Выбрать главу

Листья утрамбовывались дождями в почву и прели там для удобрения; туда же укладывались для сохранности семена. Так жизнь скупо и прочно заготовляет впрок. От таких событий у очевидца Пухова слюни на губах показывались, что означало удовольствие.

Ездоки поездного состава неизвестного назначения проснулись на заре – от холода и потому, что прекратились сновидения. Пухов против всех опоздал и вскочил тогда, когда начала стрелять отлежанная нога.

Так как еды у него не было, то он закурил и уставился в пустую позднюю природу. Там ликовал прохладный свет низкого солнца и беззащитно трепетали придорожные кусты от плотного восточного утренника. Но дали на резком горизонте были чисты, прозрачны и привлекательны. Хотелось соскочить с поезда, прощупать ногами землю и полежать на ее верном теле.

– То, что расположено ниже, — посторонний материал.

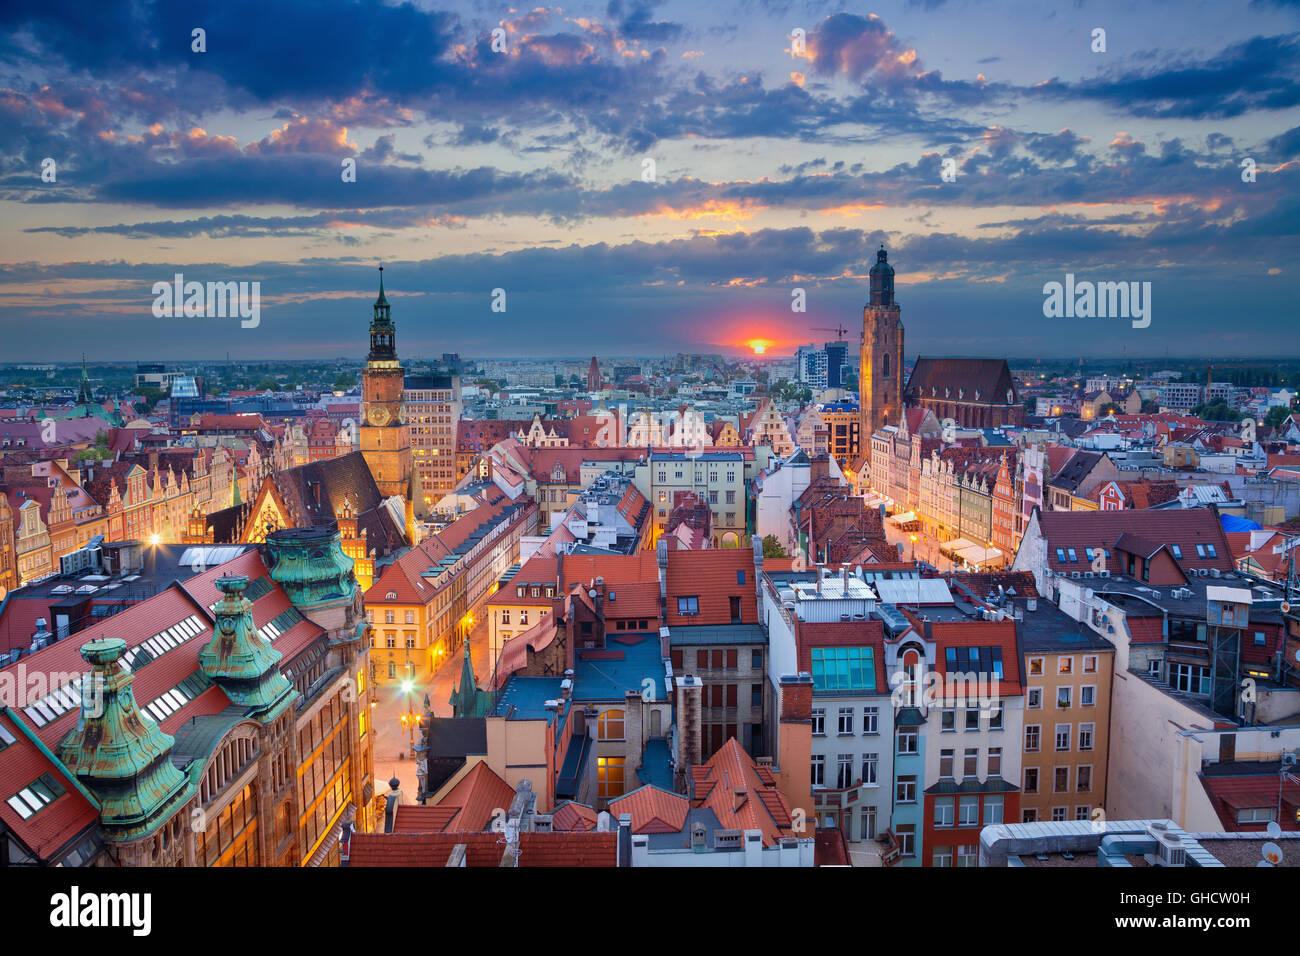 Wroclaw. image de Wroclaw, Pologne pendant le crépuscule heure bleue. Photo Stock
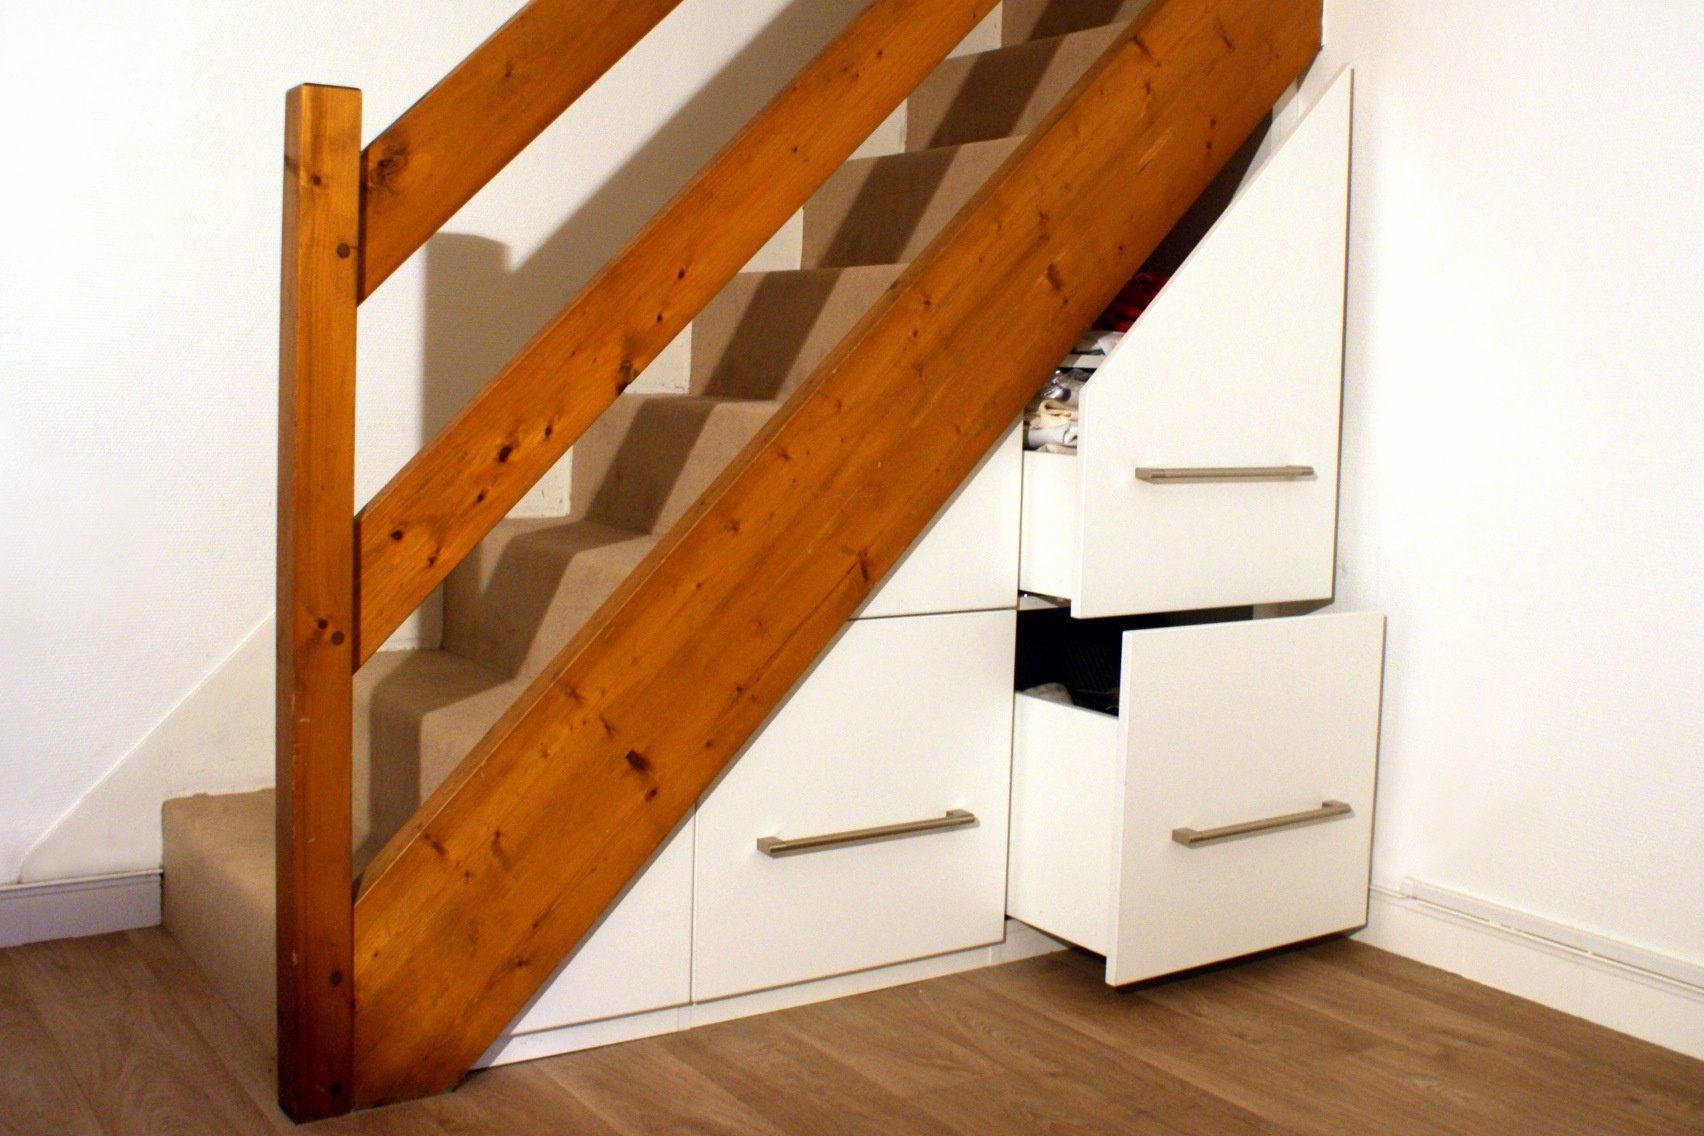 Lit Mezzanine Escalier Inspiré 26 Impressionnant Meubles En Escalier

Пухов удовлетворился своим созерцанием и крепко выразился обо всем:

– Гуманно!

– Сосна пошла! – сказал какой-то сведущий старичок, не евший три дня. – Должно, грунт тут песчаный!

– А какая это губерния? – спросил у него Пухов.

– А кто ж ее знает – какая! Так, какая-нибудь! – ответил равнодушно старичок.

– А тогда куда ж ты едешь? – рассерчал на него Пухов.

– В одно место с тобой! – сказал старичок. – Вместе вчерась сели – вместе и доедем.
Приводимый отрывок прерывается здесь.